Jordan “Tall Latte” Oslac, a student at NYU, said she had waited about 25 minutes for a coffee at one of Starbucks’ NYU store. “I was waiting forever,” she said, “and the coffee tasted the same.”
A man who is a regular at the Union Square storefront said, “Oh yeah, it definitely takes longer… at least five minutes.” Obviously for some, five minutes is no biggie. For others, well, just think about the movie, Sliding Doors.
One woman said she hadn’t noticed a change.
STARBUCKS STORE #2
On to the Starbucks on 23rd beteween 5th and 6th. It was basically empty, but the few standing in the queue confirmed their wait-times had increased over the past few weeks.
Suzanne “Drip Coffee” Merrill said waiting times were noticeably longer, by “at least five or 10 minutes.”
If the wait times are longer, and the coffee’s not that great, why do people continue to make Starbucks their caffeine destination, we asked her. Its not like there’s a shortage of coffee makers in New York. Suzanne speculated that Wi-Fi is the reason.
Ah, internet. Good one. That little bonus would definitely offset some of the angst associated with delayed coffee gratification. In fact, Starbucks wi-fi gets 30 million log-ins per month, so Suzanne was on the money there.
Melissa, also in line at the 23rd St store, confirmed the sluggish barista trend. There are “definitely” delays, she told me.
STARBUCKS STORE #3
My next stop was ostensibly a failure. The store on 6th between 22nd and 21st was bare, spare a few loungers in the front. But no line. With no antsy customers waiting for their drinks, it seemed like the perfect opportunity to ask the baristas how life is under the new Starbucks doctrine.
Obviously somebody at Starbucks HQ had gotten to them. They refused to speak.
I barely finished the sentence, “are their longer lines now…” before I was cut off by an employee yelling “NO” from the back corner of the area behind the counter. His co-workers began a “Starbucks is improving the customer experience…” spiel before they noticed my pen and paper. Then they said they aren’t allowed to speak to me and asked if I wanted the number for media relations. I did not.
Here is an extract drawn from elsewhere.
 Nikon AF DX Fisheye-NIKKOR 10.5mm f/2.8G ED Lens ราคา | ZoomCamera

RETURN TO STARBUCKS STORE #1
I decided to go back to Union Square to see for myself if these alleged delays are true. I ordered a regular coffee and a latte, then lingered by the counter in anticipation of a long and agonizing wait. I wrote 3:54 pm on my notepad.
My experiment failed. My regular coffee arrived no less than one minute after I placed my order, and the latte took only three minutes.
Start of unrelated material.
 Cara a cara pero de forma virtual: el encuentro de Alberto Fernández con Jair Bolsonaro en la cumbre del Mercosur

However, I was the only person in line when I ordered my drinks. And, when I asked the checkout girl if lines had been longer since the new rules were implemented, she smiled gingerly and then shrugged in defeat: “Yeaahhh…” Followed quickly by, “but you’ll be fine now; its empty. You should have seen it before.”
As I left, I counted 23 people in the line leading to the counter. This morning, when my co-worker Courtney “Triple Grande Skim Cappucino” Comstock was in line at 8 am, it was too long to count.
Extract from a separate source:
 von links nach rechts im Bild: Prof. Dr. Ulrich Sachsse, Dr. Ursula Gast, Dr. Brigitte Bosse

“There were easily fifteen people in line, with four people behind the counter,” she says.
“I waited about five minutes for my drink, after I ordered.”
So two lessons can be gleaned from this:
1) Those 23 people are going to be waiting a hell of a long time for their drinks.
2) If the 23rd, 22nd, 21st, 20th… you get my point… person in that line still stepped into that queue even after seeing the mass of people in front of them, then Starbucks’, and its new, obedient barista frontline, will be fine.